* [WHAT NEEDS TO BE DONE] For the records below, copy exactly the span that begins at the line containing "Foto Trench beige" and stops after the line containing "The Disasters and", minus any pictures.

* [DATASET RECORDS]

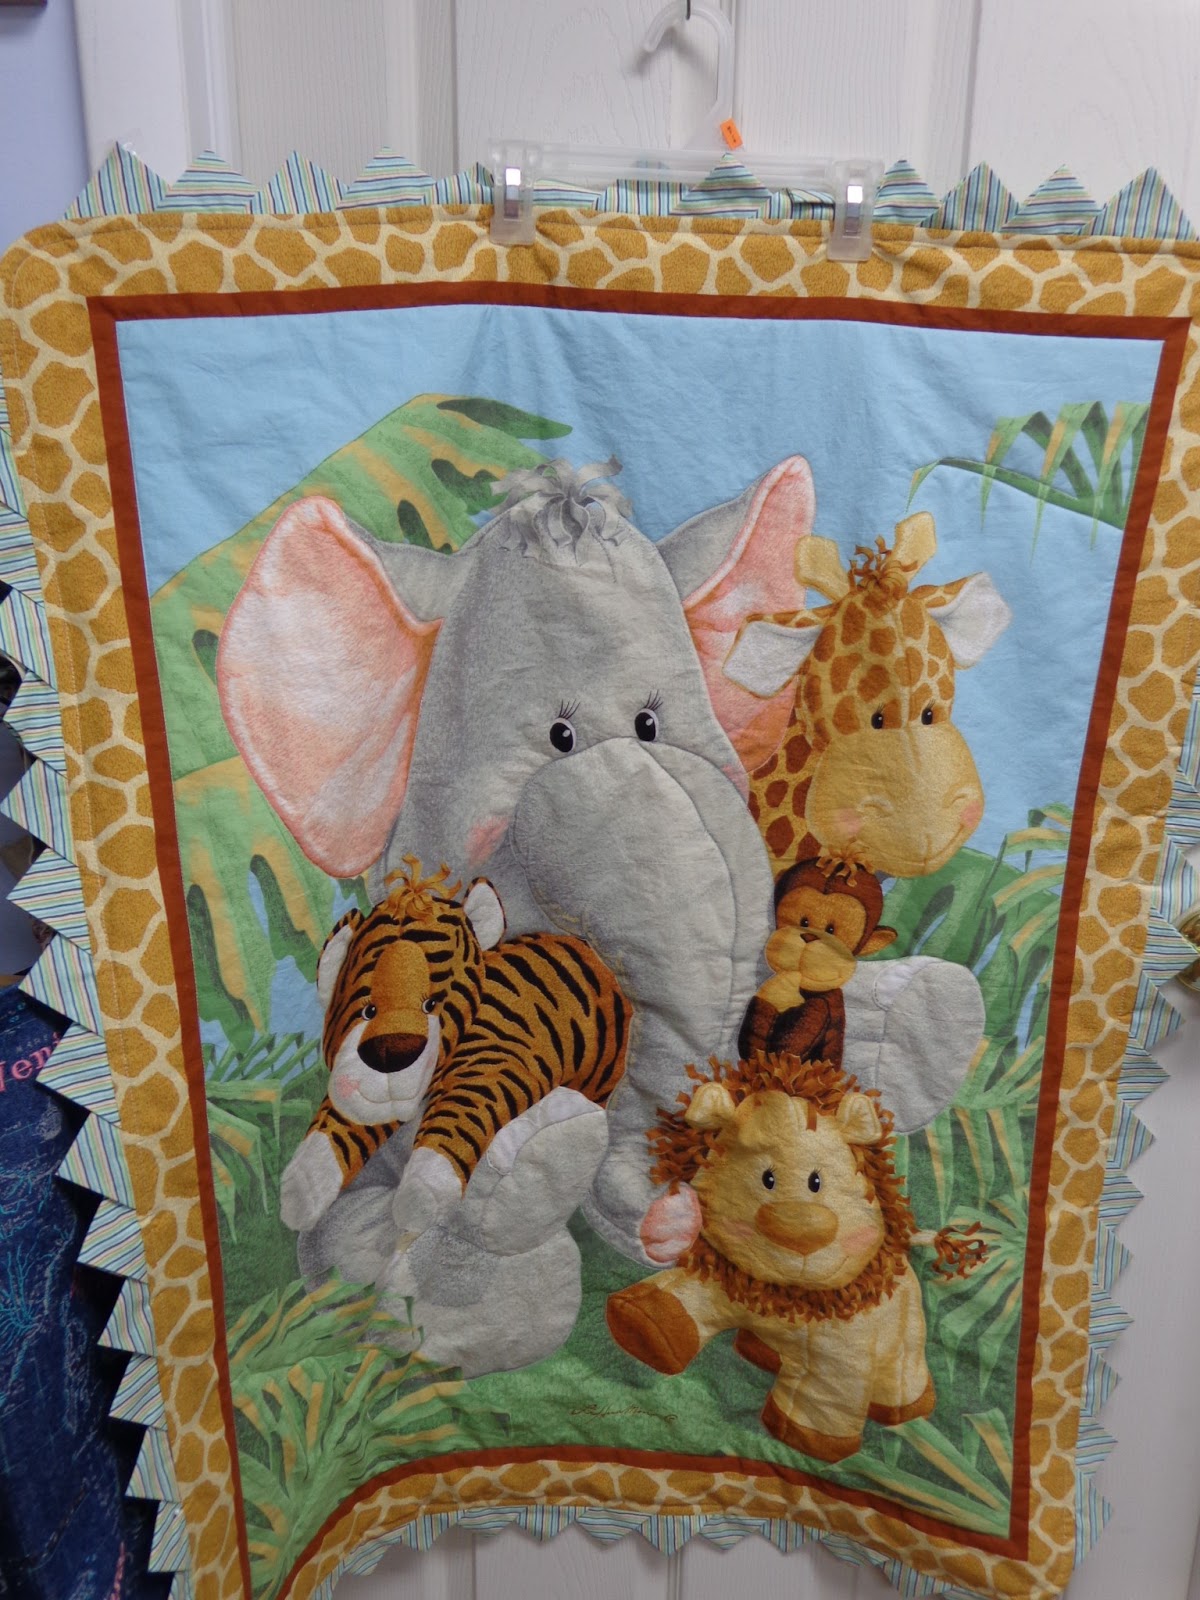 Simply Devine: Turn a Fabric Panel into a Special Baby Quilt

--

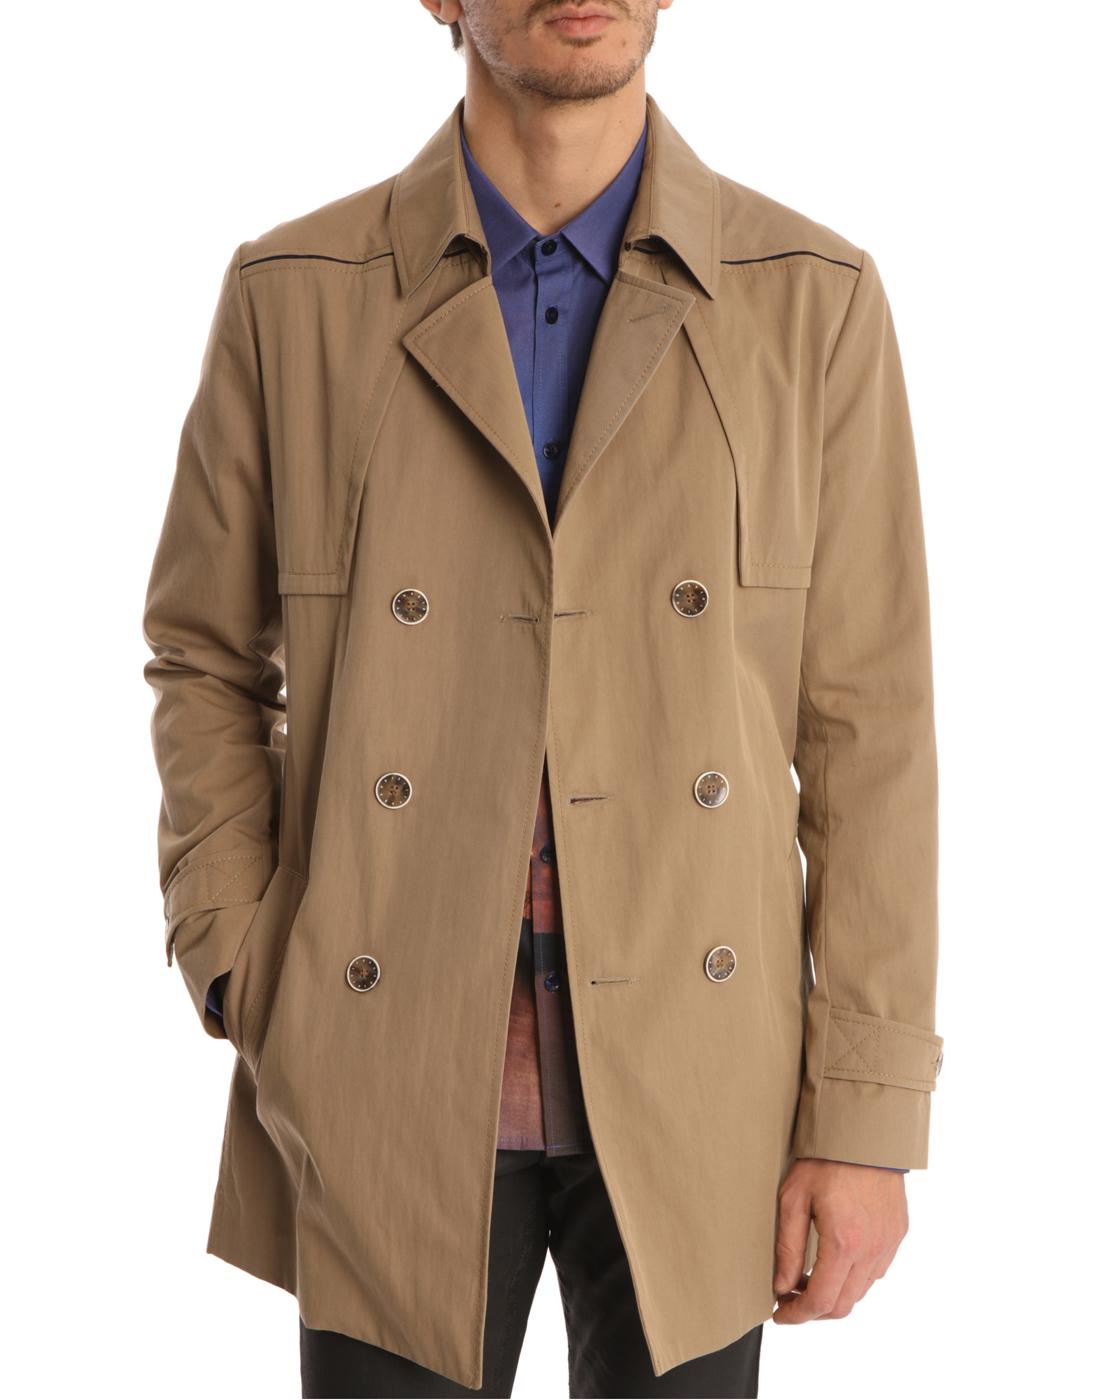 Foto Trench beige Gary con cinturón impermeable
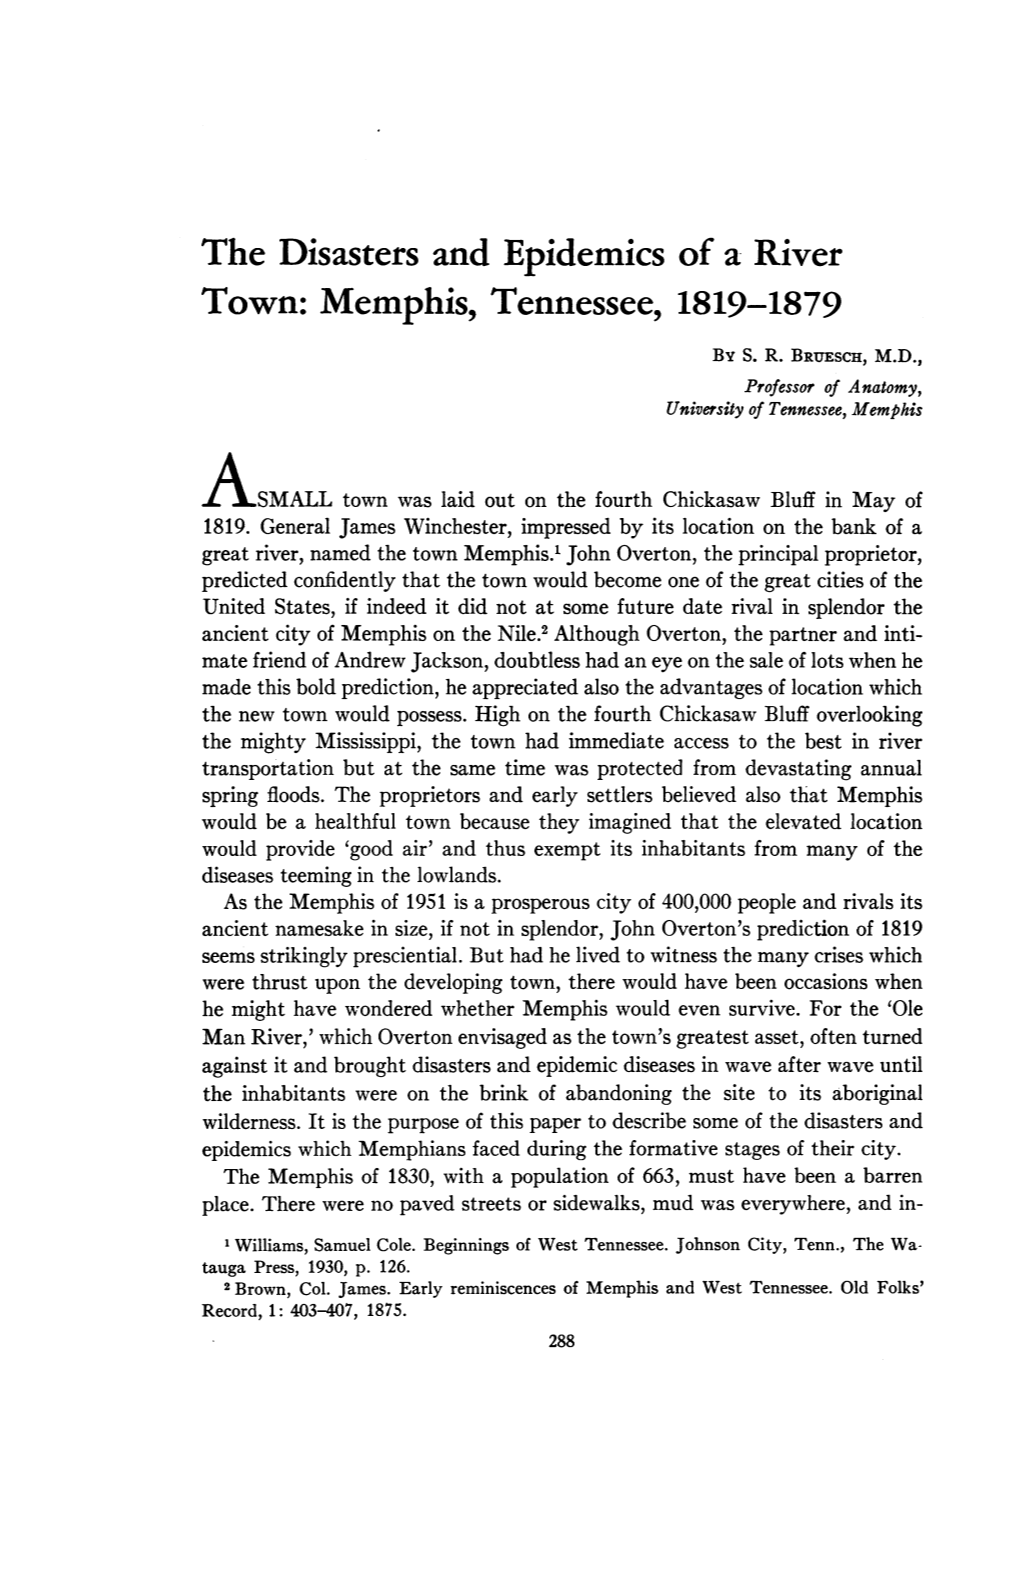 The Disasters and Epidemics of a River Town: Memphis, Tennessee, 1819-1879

* [OUTPUT]
 Foto Trench beige Gary con cinturón impermeable
 The Disasters and Epidemics of a River Town: Memphis, Tennessee, 1819-1879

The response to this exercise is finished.